Taxonomic affiliation, using the lowest common ancestor algorithm (LCA), of 22 enzyme-encoding genes involved in transformation of lignin and its derived aromatic compounds in a WS1-M and b CS-M microbial consortia. Data in top panel are normalized functional diversity values (OFUs, operational functional units/thousands of annotated reads) obtained by clustering the sequences in each gene at 97% (line) and 99% (dashed line) similarity

Recently, Moraes et al. [18] have developed a lignin-degrading microbial consortium composed of 355 bacterial types. Based on 16S rRNA amplicon sequencing data, they demonstrated that around 50% of the total consortium comprised Achromobacter (Alcaligenaceae family), Paenarthrobacter (novel Actinobacteria able to transform lignin), Pseudaminobacter, and Paenibacillus species.
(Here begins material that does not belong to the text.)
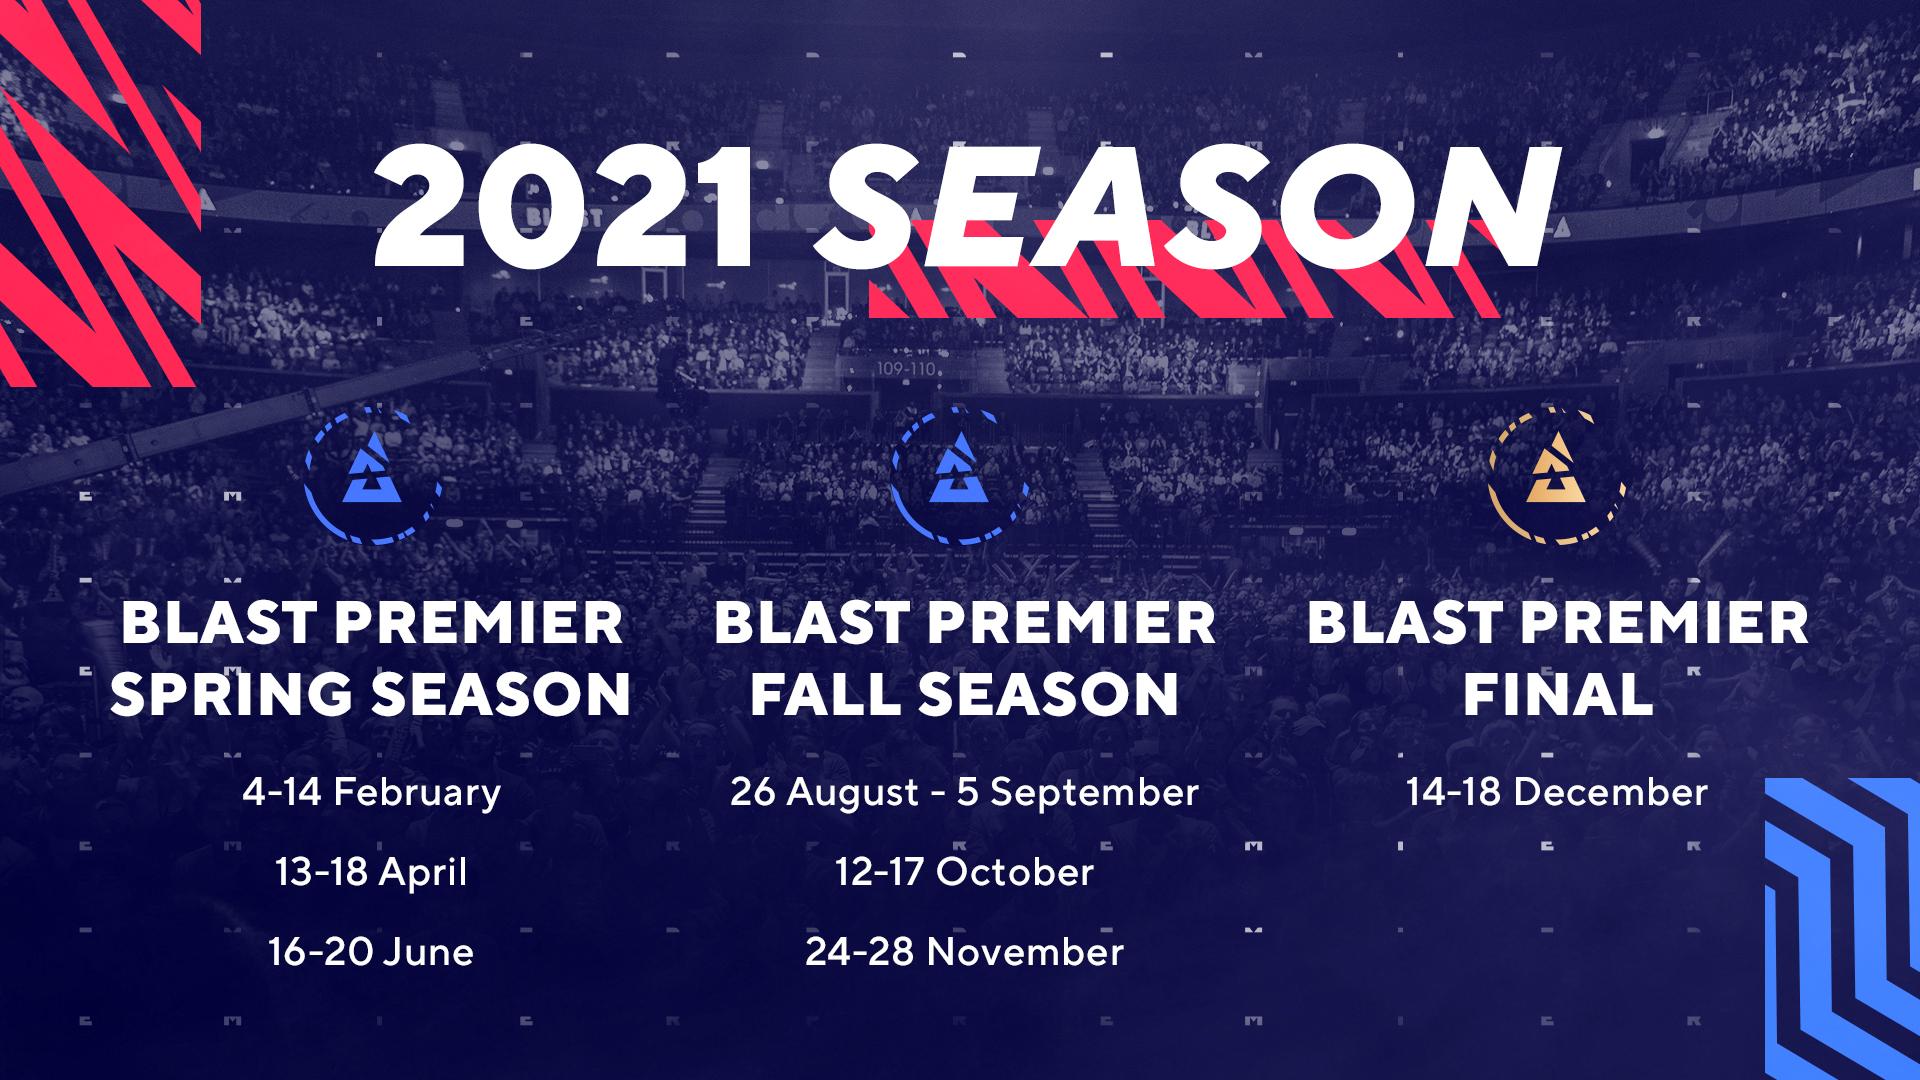 BLAST Premier 2021 event dates

These taxa were enriched in the consortium compared with sugarcane soil inoculum. Based on the metabolic functional profile unveiled by metagenomics, they showed that species from Actinobacteria and Proteobacteria contain putative novel enzyme-encoding genes involved in the metabolism of lignin. For instance, peroxidases and laccases were frequently found in Actinobacteria. In contrast, both taxa have the potential to metabolize lignin-derived phenolic compounds. Moreover, Granja-Travez et al. [14] state that exist a high diversity of mechanism for lignin oxidation process in different bacteria and not just one class of enzyme carry out this function in all microbial systems. These observations suggest that lignin transformation is a process in which multiple microbes are involved. However, the intracellular catabolism of its derived aromatic compounds could be a specialized job, in which particular taxa can metabolize specific lignin-derived intermediates.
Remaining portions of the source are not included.